DeepSeek V4 Flash is a mixed-precision checkpoint: FP4 expert weights, FP8 attention projections. SGLang's deep_gemm library throws Unknown SF transformation on sm_121 when setting up FP8 scale factors. Fix: a patched deep_gemm/__init__.py with a _SafeC proxy class that catches unsupported-architecture errors and falls through to Triton.
On GB10, GPU and system RAM are the same pool. Crashed containers leak CUDA memory at the driver level — invisible to nvidia-smi, not released until reboot. SGLang's startup balance check (RuntimeError: The memory capacity is unbalanced) fires when one Spark has 90GB leaked while the other has 5GB free. Clean-launch workflow: stop services, drop page caches, reboot if needed.
SGLang's dsv4 backend uses TVM-compiled JIT kernels for the C4 sparse attention indexer. All fail on sm_121. Each had an env var bypass:
SGLANG_FP8_PAGED_MQA_LOGITS_TORCH=1
SGLANG_TOPK_TRANSFORM_512_TORCH=1
SGLANG_OPT_USE_TILELANG_MHC_PRE=0
SGLANG_OPT_USE_TILELANG_MHC_POST=0
After all six: SGLang starts. Both nodes load 80GB of weights. Uvicorn comes up. We're in business — or so we think.
First inference request:
RuntimeError: Unsupported architecture for sparse decode fwd
This is flash_mla_cuda.sparse_decode_fwd — a compiled CUDA extension in the flash_mla package. FlashMLA is DeepSeek's attention kernel library, built for B200 (sm_100). It does not support sm_121. The call chain is rigid:
deepseek_v4.py
→ DeepseekV4AttnBackend.forward()
→ flash_mla.flash_mla_with_kvcache()
→ flash_mla_cuda.sparse_decode_fwd()
→ RuntimeError: Unsupported architecture
There's no env var. No backend swap. No fallback path. The dsv4 attention backend unconditionally requires FlashMLA, and the model's forward pass unconditionally uses kwargs that only dsv4 accepts. You can't route around it without recompiling FlashMLA from source for sm_121 and maintaining that fork indefinitely.

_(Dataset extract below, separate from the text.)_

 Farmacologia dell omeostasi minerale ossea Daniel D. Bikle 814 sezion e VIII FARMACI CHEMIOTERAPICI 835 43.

We researched whether anyone in the community had done this. They hadn't. Every working recipe for DeepSeek V4 Flash on 2× DGX Spark uses vLLM (eugr/spark-vllm-docker), not SGLang. Same ~44 tok/s target, different engine.
SGLang's dsv4 backend is a tightly coupled stack designed for B200 (sm_100): C4 sparse attention, FlashMLA CUDA kernels, deep_gemm scale factor layout — built as a unit for datacenter Blackwell. Consumer Blackwell (GB10/sm_121) is not the target, and six patches in, that's undeniable.

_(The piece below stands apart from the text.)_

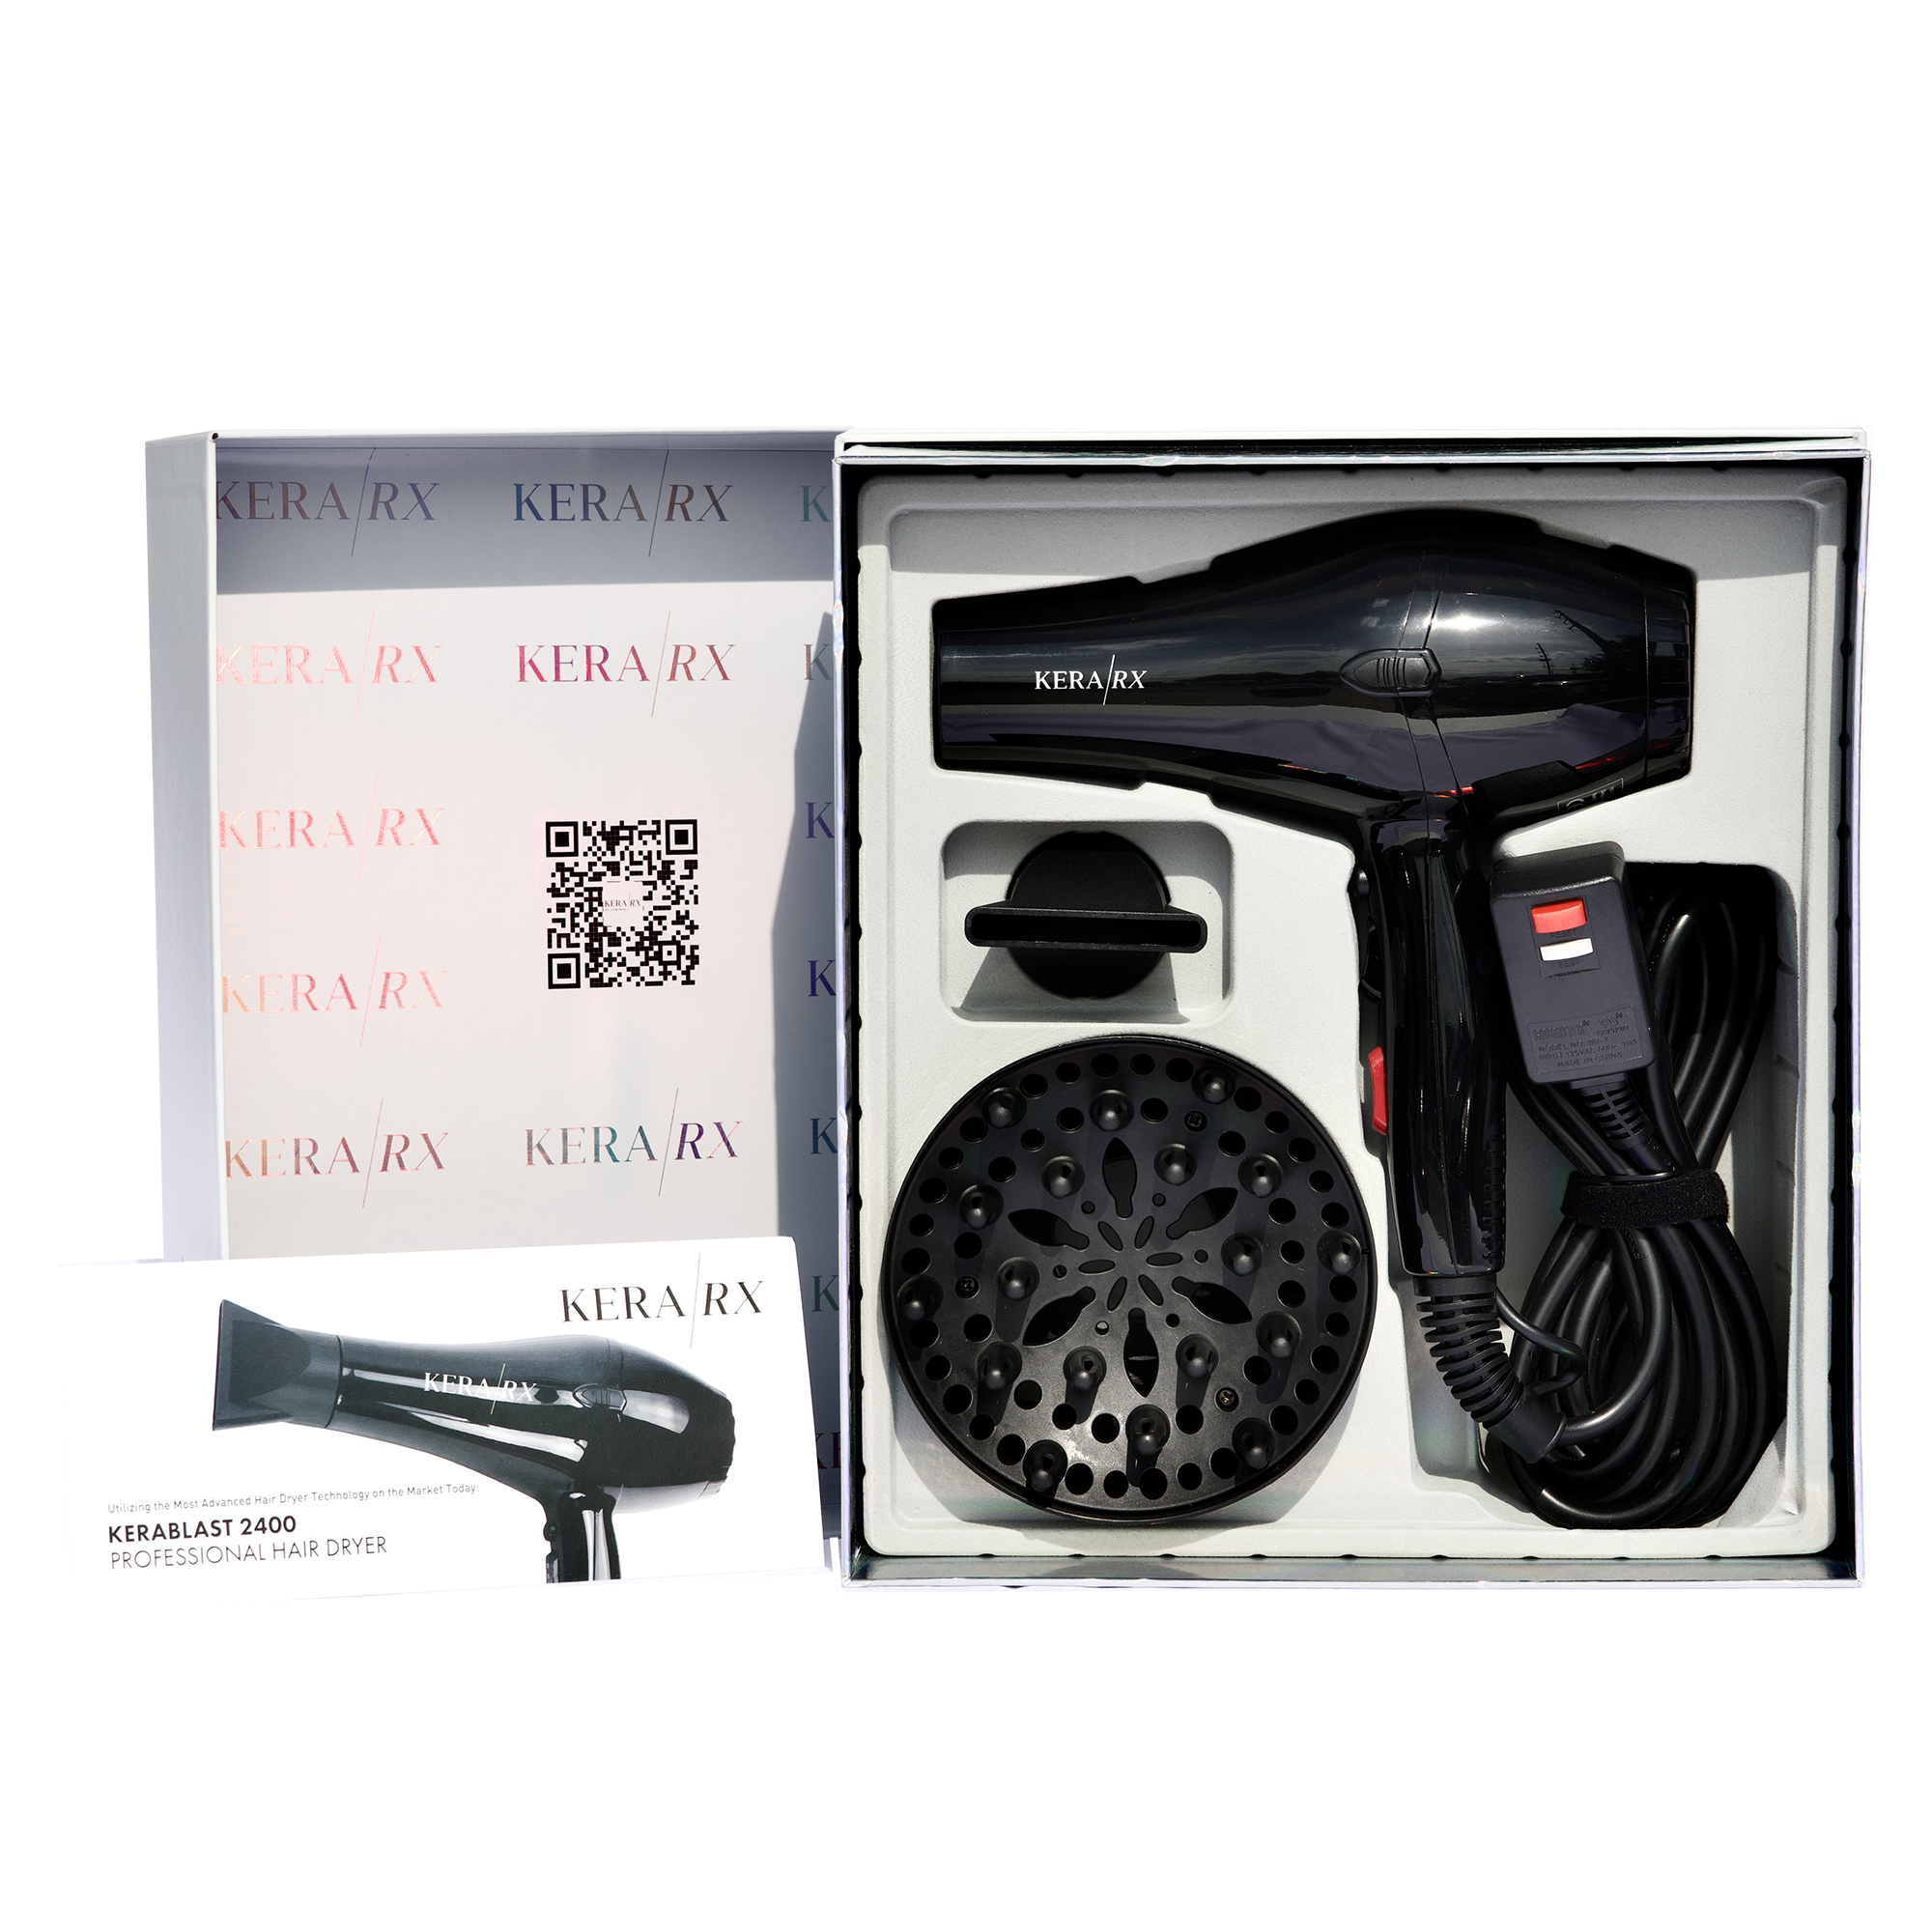 KeraRx Professional Hair Dryer | KERABLAST 2400 | Kera/RX Haircare

SGLang's DeepSeek V4 Flash path is not working on DGX Spark today. This is not a complaint — it's genuinely impressive engineering for the hardware it targets. But if you have DGX Sparks and want DeepSeek V4 Flash, use vLLM.

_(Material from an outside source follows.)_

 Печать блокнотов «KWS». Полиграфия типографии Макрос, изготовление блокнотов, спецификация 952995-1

Stepping back from the debugging loop and asking the actual question — what's the best model for agentic workloads on SGLang + 2× DGX Spark? — the answer isn't DeepSeek V4 Flash.
M2.7 was designed from the ground up for agentic use: Agent Teams, native tool calling, long-context reasoning, self-evolution. NVIDIA co-optimized SGLang kernels for it (2.7× throughput gains). Day-0 validated support on GB10. No dsv4 dependency, no FlashMLA, no compiled B200-only extensions.
More importantly: SGLang's RadixAttention prefix caching is most valuable when requests share repeated structure — system prompts, tool schemas, conversation history. M2.7's agentic design assumes exactly this pattern. The benchmark writes itself.
We're downloading saricles/MiniMax-M2.7-NVFP4-GB10-AC — the agentic + coder recalibrated quant — to both Sparks right now. Launch scripts are ready. Once synced, we'll run the agentic benchmark we planned from the start:
The real question isn't "which engine is faster in a single prompt benchmark." It's "what happens to latency at turn 10 of an agentic loop when 80% of your context is already cached." That number matters for production agents.
Numbers coming soon.
Everyone asks about FlashAttention 3 on DGX Spark. FA3 requires tcgen05 instructions that only exist on datacenter Blackwell (B200/GB200, sm_100). GB10 is consumer Blackwell (sm_121). Neither SGLang nor TRT-LLM can use FA3 on DGX Spark. Both fall back to FlashInfer FA2. The playing field is more level than the spec sheets suggest — FA3 is not a differentiator between engines on this hardware.